Game Development Community

New iPhone speed

by Christopher Evans · in iTorque 2D · 06/19/2009 (10:51 am) · 9 replies

Well, I just got the new iPhone 3G S and I moved my code over. I decide to let you guys know what the speed increase is that I am seen. I am using iTGB 1.1.

First load time seems a little bit faster I am getting about 2 to 6 sec faster load time.

On my menu screens I am getting around 60 fps. I was getting around 24 fps.

For game play I am getting around 22 to 25 fps on most of my levels, I was getting around 14 to 16 fps.

Some of my levels have next next to nothing on them and now I am getting 38 to 40 fps, when I was getting around 17 to 20 fps before.

I also tried Mable Blast, and on my old phone it seemed kind of choppy but now it feel smooth.

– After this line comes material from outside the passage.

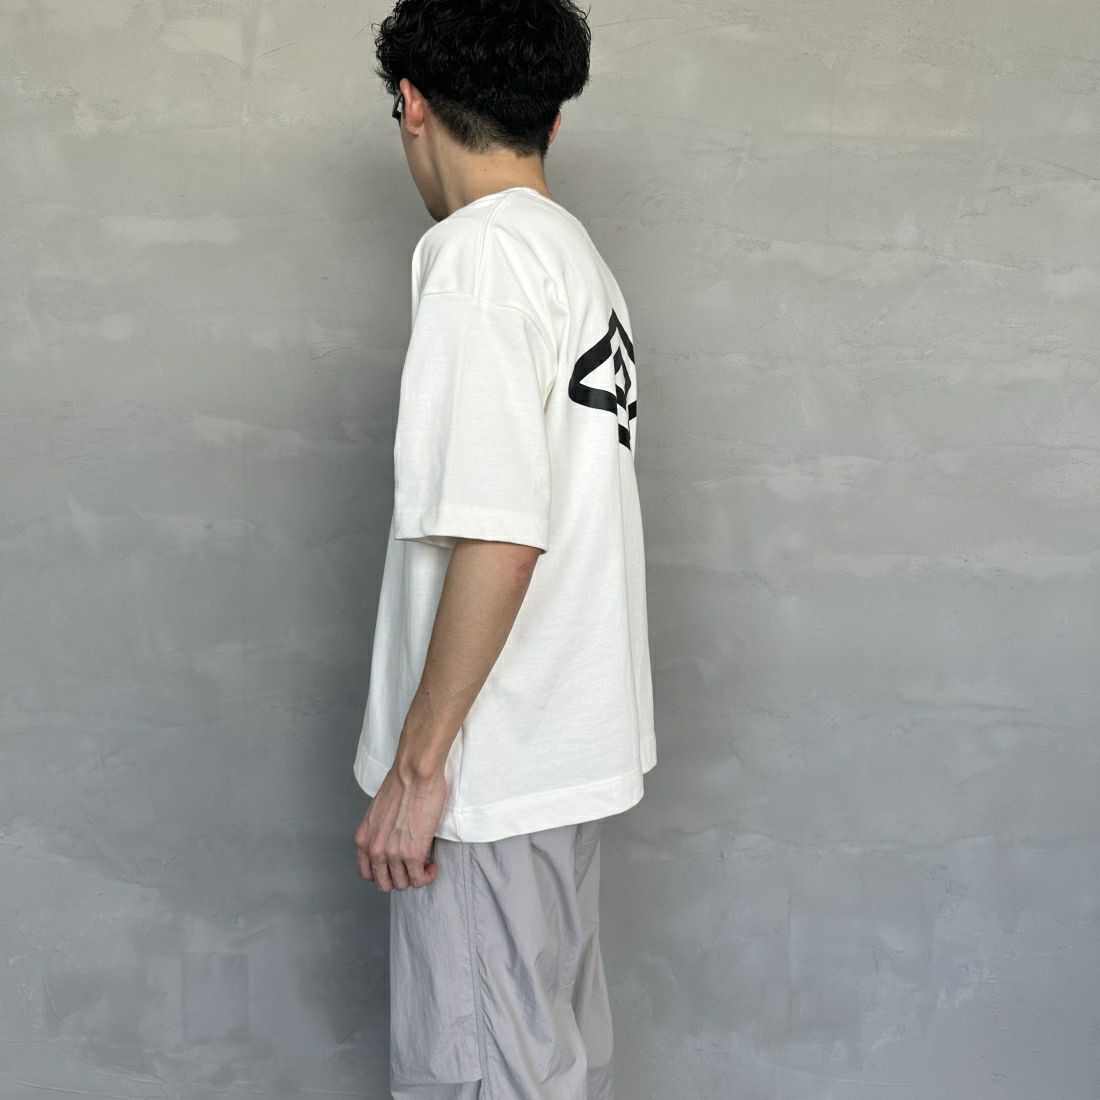 umbro [アンブロ] 別注 ラバーバックプリントTシャツ [UMNK-T0011-JF] WHITE &&モデル身長：168cm 着用サイズ：M&&

So the speed increase is real.

#1
06/19/2009 (11:38 am)
Good news. Now only if my phone order wasn't in perpetual "We have received your order and expect to process it soon" mode. :(
#2
06/19/2009 (11:46 am)
Good Lord, that's great news.

At least my game is very playable on the iPhone 3G, I'm sure it'll be a scream on the 3GS!
#3
06/20/2009 (12:59 am)
I'd say that's terrible news :)

Programs exclusively tested on a 3G S will look and play terrible on a 3G and even an iPod touch! With 40 million devices out there, that's not an insignificant number of devices. There are half a million 3G S phones pre-ordered, so the potential audience with slower devices is about 80 times as large ;)
#4
06/20/2009 (5:06 pm)
Doubling in speed is a very good thing long term. Eventually the 3GS will be the majority of those 40 million and it'll be what we target. I'm still targeting the 3G for the foreseeable future with possible 3GS features as optional for those with 3GS (like higher quality graphics etc).

There's talk about using a dual core ARM processor for the next iphone. That will be awesome.
#5
06/20/2009 (9:17 pm)
Unsure if the speed gain is really that good.

Giving that other iphone engines jumped from 25 to 60, it does show that there is a lot of potential currently burned through with iTGB that we are either unaware for our own optimization or that is actively burnt through by iTGB internally out of our control.


Also a dualcore cpu won't help iTGB much.
No torque engine available today is capable of using multiple cores usefully and TGB (thus iTGB), a descendant of TGE, is lightyears away of beeing able to do anything with it at all other then thread-locking two cpus instead of one.
The technology was written with single core, single command execution hardware in mind and first needs to be upgraded to the point where it is capable to work nicely with single core, multi command execution environments (nicely means, that the top 4 spots in instruments are no longer lock and lock releases as it is right now)
#6
06/21/2009 (3:39 am)
I don't think that the majority of the 40 million users will become 3G S owners - I think that we'll just get another 40 million with 3G S over the next couple of years. Lots of people have a phone/iPod that's working just fine, and they're sticking to that. Nerds who want the latest hardware are in a minority among iPhone users (from a sample of 10+ acquaintances and family members ;).

Some people using ad services have said the uptake of 3.0 among iPod touch users is miserable so far (4% in one developer's case), while iPhone users are so-so (25%), despite it being a free upgrade. Also remember that many people who have an iPod touch have only that, because they're happy with it. We won't see 3G S-level hardware for it until September/October, probably.

There's probably also a limit to how many 3G S devices Apple can produce until the end of the year. Can they churn out a million per month? Do they have that many pre-orders?

Apple developers suggested that people target everything in one program, rather than making programs targetted at only one level of hardware. Build with the 3.0 SDK, set the deployment target as low as you want, and use conditional code to toggle between 2.x/3.0 code and Open GL ES 1.1/2.0. You can also ask Cocoa objects if they support a specific method, which is even better than checking what OS version you're on.

I think that's the path iTorque should take. Check for availability of features, expand to make use of the available hardware. The engine could of course use some optimisations, too :)

It would be really nice for us developers if everybody upgraded straight away, though. I'd love to have some room to load things into memory without carefully killing off old objects.
#7
06/21/2009 (3:55 am)
Perhaps it would be a nice incentive if we put "Experience/Enhance this game with an iPhone 3GS" banner on the bottom of your title screen or App Store description.

#8
06/21/2009 (5:37 am)
You can not toggle to 2.0 if you target 2.x as you don't have the 3.x frameworks at hand required to do that.

to toggle between all the things you need to target at least OS 3.

But I agree on the general path.
It needs to adapt to additional things present on startup, not on a hardcoded base (similar to the extension detection present in torque)
#9
06/21/2009 (11:52 am)
Yes, build with SDK 3.0, to SDK 3.0, deployment target minimum 2.whateveryouneed (like Apple recommend in these cases).